When I tried to load it back in a fresh instance I found out that the same dataset takes different memory usage, even if the object.size of the data.frame is the same.
Shouldn't the object loaded in memory have the same size regardless of the original format?
What's the explanation for this behavior?
Example code below:
library(dplyr)
df <- nycflights13::flights
data.table::fwrite(df, "df.csv")
arrow::write_parquet(df, "df.parquet")
#Restart R and load df. Do a garbage collection and check memory usage and object.size
df <- data.table::fread("df.csv") %>% as.data.frame()
gc()
object.size(df)
#Restart R and load df. Do a garbage collection and check memory usage and object.size
df <- arrow::read_parquet("df.parquet")
gc()
The difference here is small but not zero. With the dataset I'm working on, the difference in memory allocated is a bigger, almost double.

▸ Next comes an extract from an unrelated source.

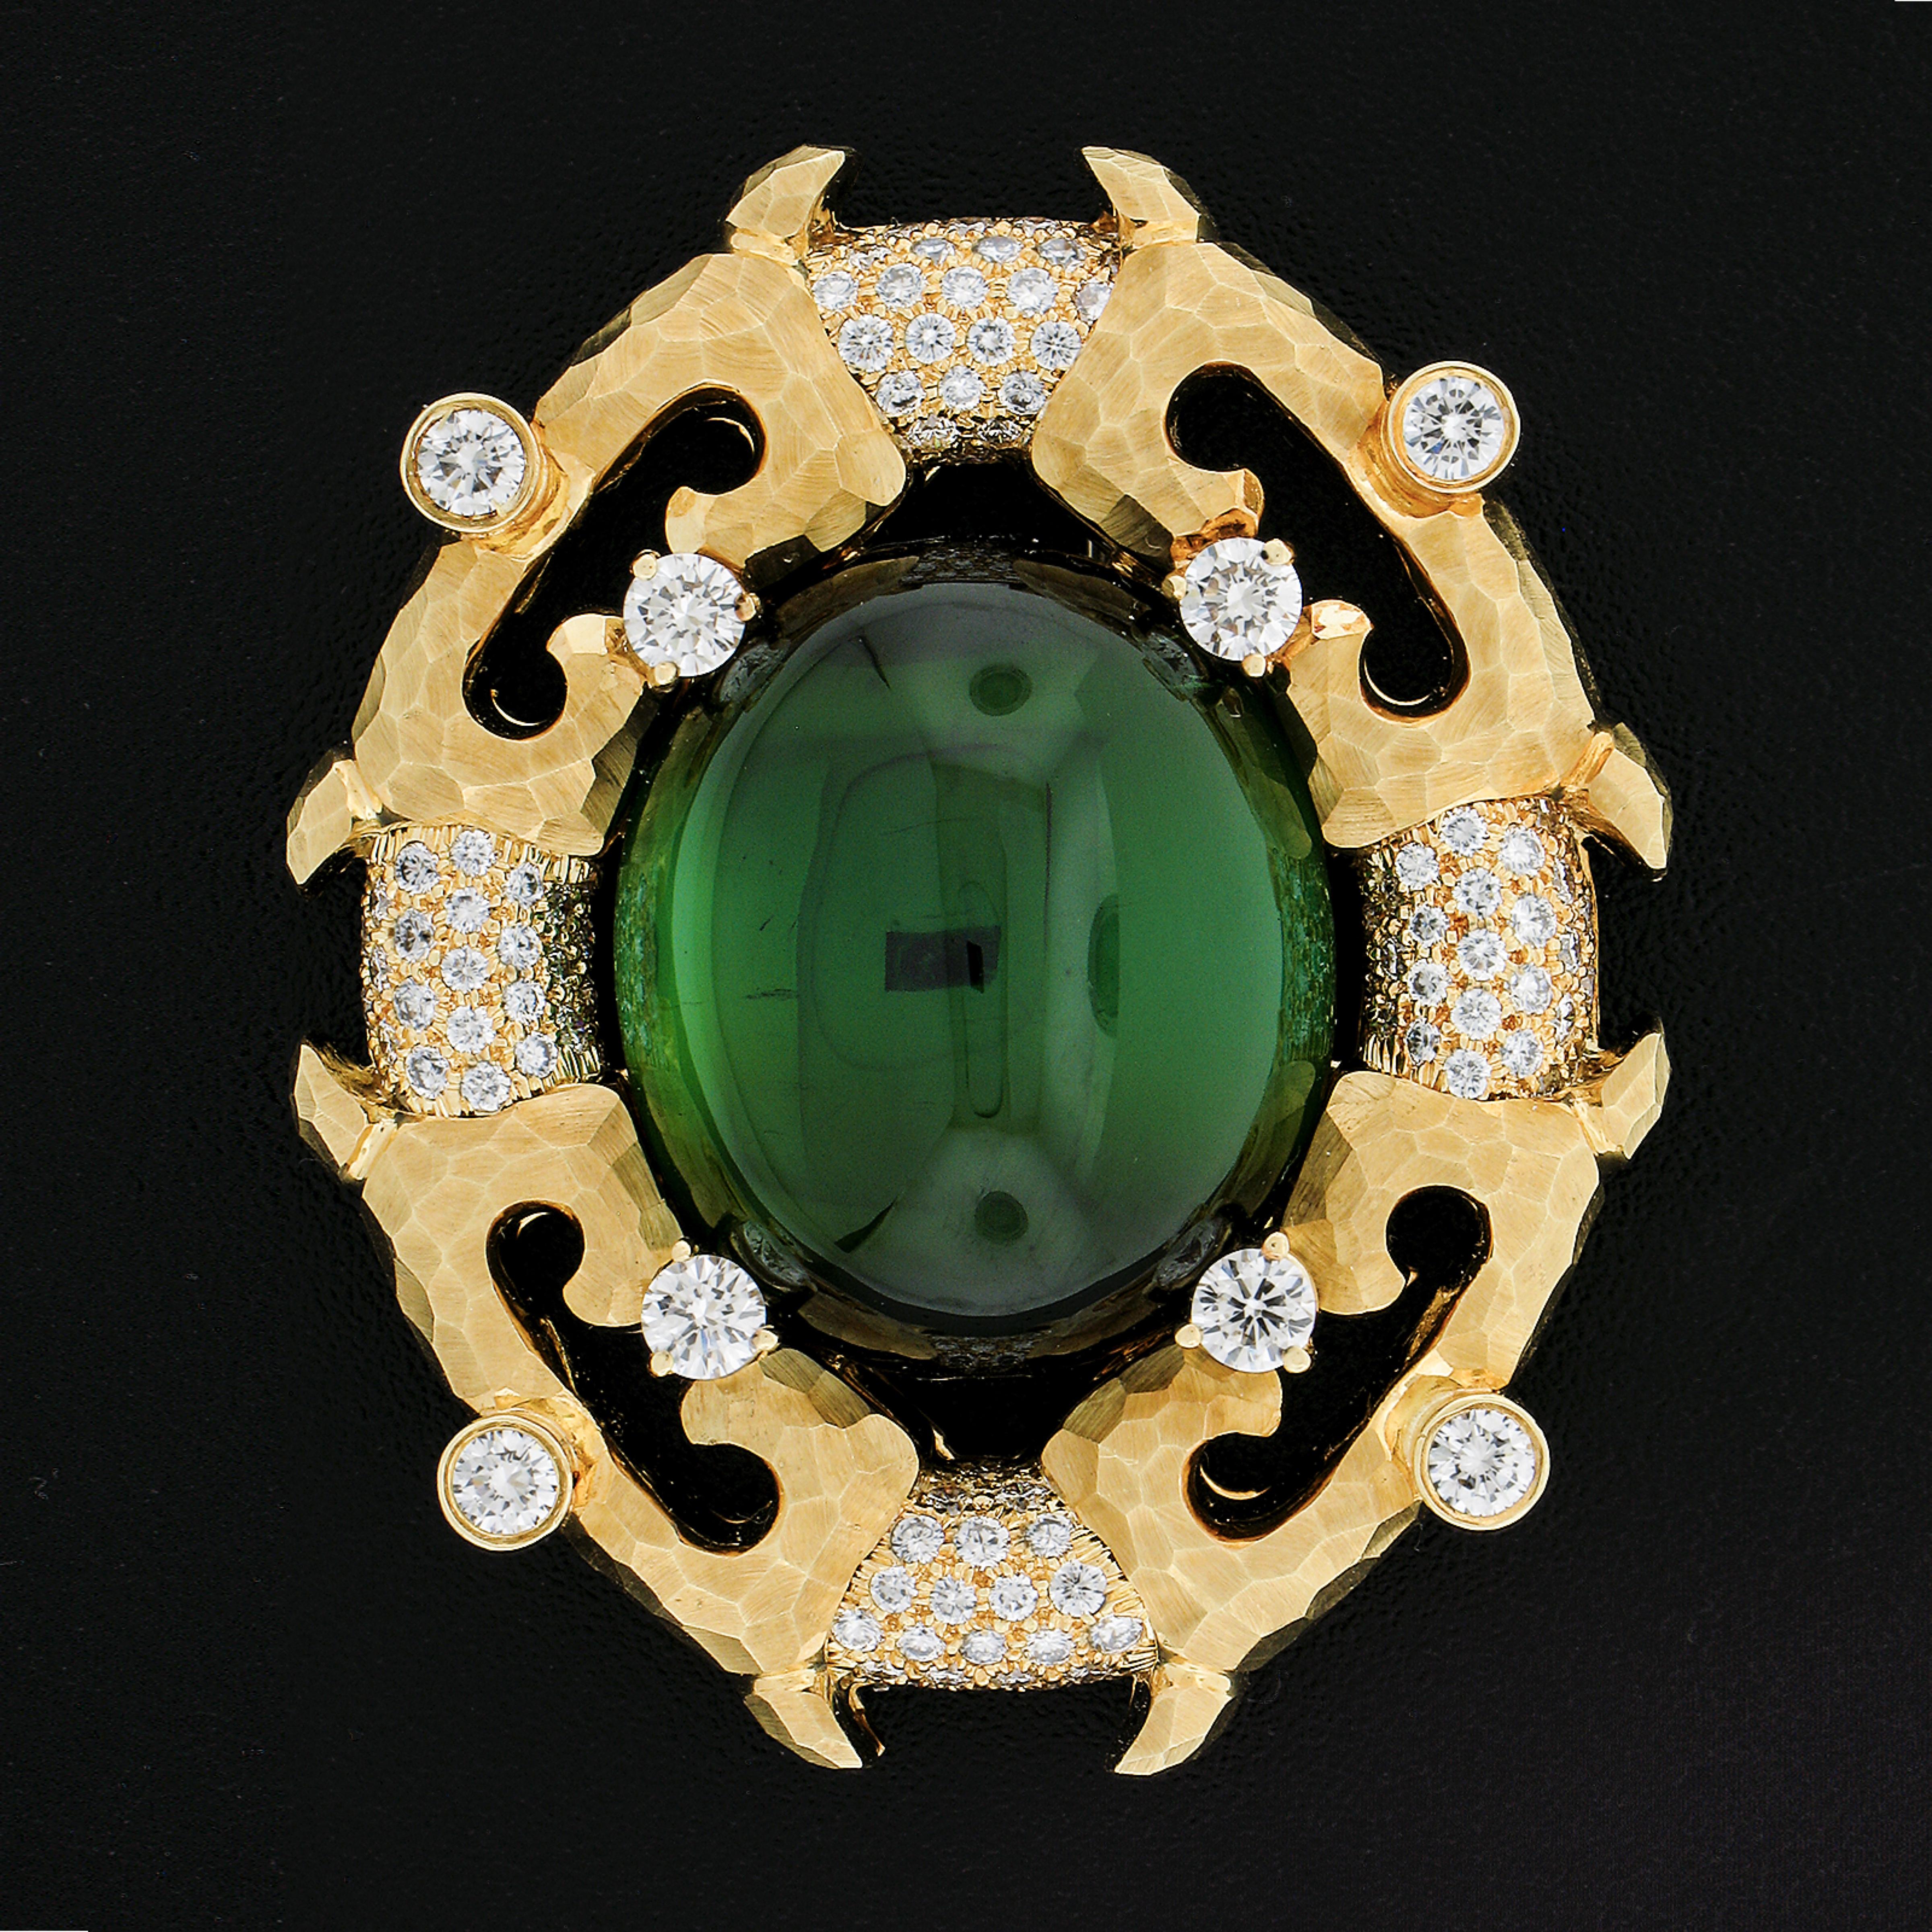 Henry Dunay est réputé pour la qualité de ses pierres précieuses, de ses diamants et de ses finitions en or. C'est tout cela que l'on retrouve dans cette magnifique œuvre d'art. La tourmaline verte centrale est propre et de couleur vive. Il est
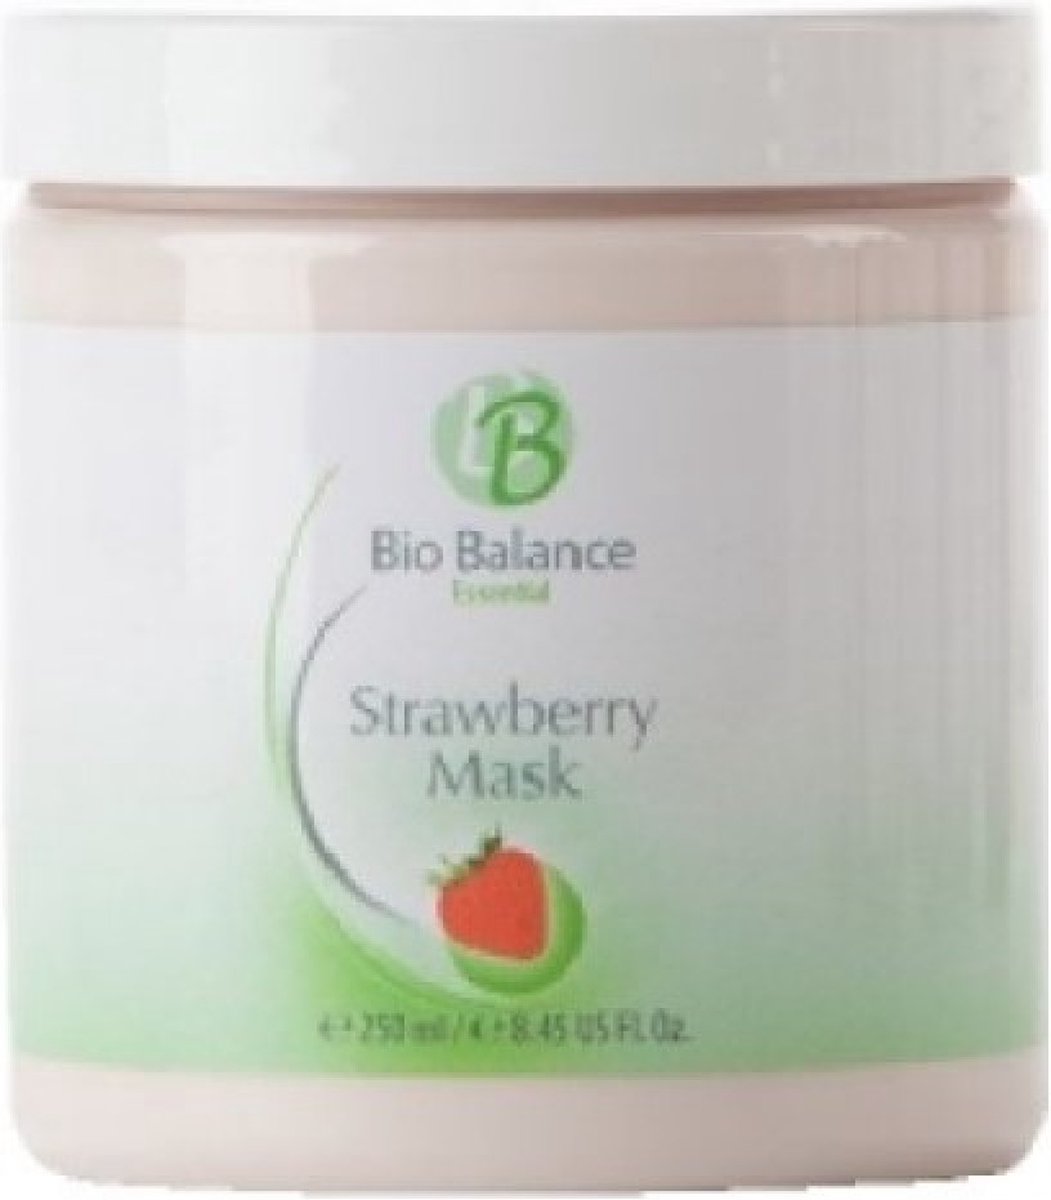 Bio Balance - strawberry masker

This discrepancy seems to come from comparing apples to pears. data.table
imports tables in a different way than read.csv
and read_csv
(from readr
). First of all it loads the data as a data.table
, meanwhile read_parquet
reads data into a tibble
. fread
further checks for integer columns and store these as integers while read_parquet
stores them as numeric
.
Looking into the objects we see clearly that df
loaded with fread
has several integer columns which are numeric
for the alternative. Lets try converting these and compare the object sizes:
df <- data.table::fread("df.csv")
df2 <- arrow::read_parquet("df.parquet")
df3 <- df2 %>%
mutate(across(names(sapply(df, is.integer))[sapply(df, is.integer)],
.fns = as.integer))
pryr::object_size(df) # 32,567,576 B
pryr::object_size(df2) # 2,700,824 B
pryr::object_size(df3) # 32,570,040 B
If we instead use object.size
these values change and df2
actually turns out to use more storage compared to df
. This indicates pryr
might not be capable of correctly locating the nuances of storage for data.table
.
Further data.table
adds additional effects in the background as it utilizes threads, which might account for the remaining discrepancy.